# Isshinryu - Impressions from my first class



## Makalakumu (Oct 19, 2008)

I found a very good isshinryu instructor out here on Oahu.  He is a second generation student (godan) from Shimabuku sensei and is very knowledgeable.  His process for taking on new students is very convoluted.  He puts his name out there and waits until someone contacts him.  Then he interviews them in person and explains isshinryu and tries to figure out what the student's intentions are.  Then he invites you over to his personal dojang for an introductory lesson.  I went through this whole process.  I don't know if its a common process for isshinryu, but that's not the point of this post.

My introductory lesson and impressions.

Isshinryu has a curious way of punching.  I'm not sure if it really is more powerful in how they form their fist (they use a thumb on top structure), but I know the body mechanics are sound.  The art ties the arm movement and the fist to what is happening with the feet and that really expresses a lot of power.

Another thing that I learned is the isshinryu way of blocking.  They change the structure of their blocks so that instead of chopping down, or over, or up with a single bone in your arm, they use both bones and take the impact on the muscle.  It's a good way of blocking and I've often thought why we didn't do that in TSD.  

Lastly, we talked about the megami and how it was created and how that relates to the art in general.  

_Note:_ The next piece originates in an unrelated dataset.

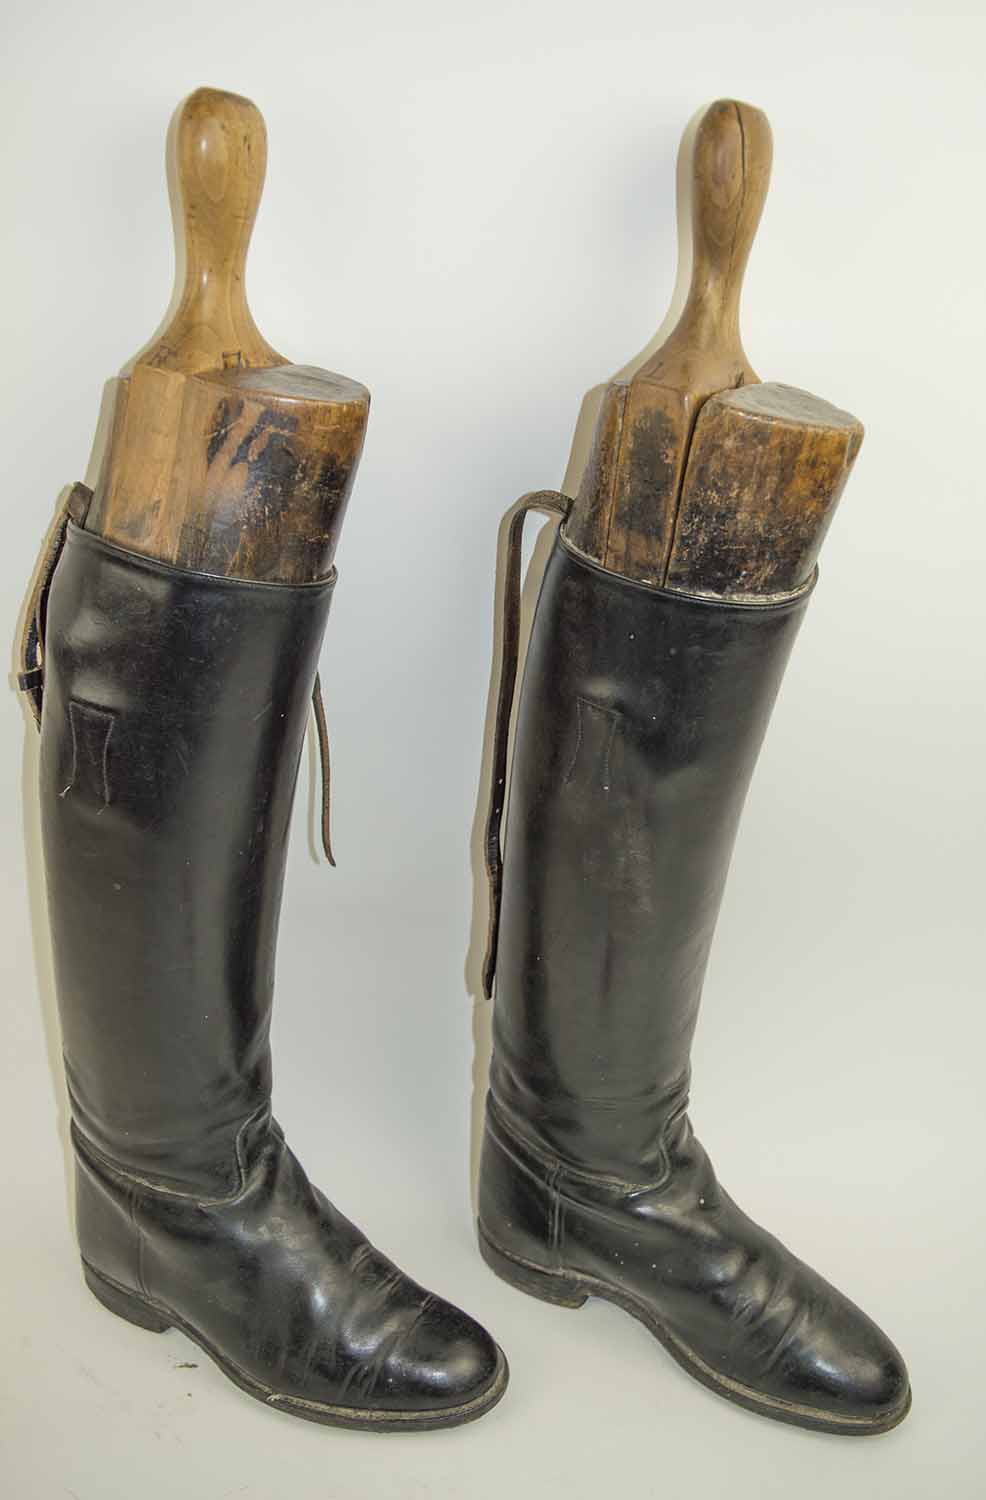 A PAIR OF ANTIQUE WOOD BOOT JACKS. (2)

Isshinryu seems like an interesting art.  I'm going to train in it when I can afford it.  This instructor is charging 120 dollars a month and that's too expensive for me right now.  In a few months, this will change.  I don't have much else to say on this, I was hoping that some other isshinryuka could chime in and add their comments.


----------



## arnisador (Oct 19, 2008)

This was my first art, and I enjoyed it! It's certainly different.


----------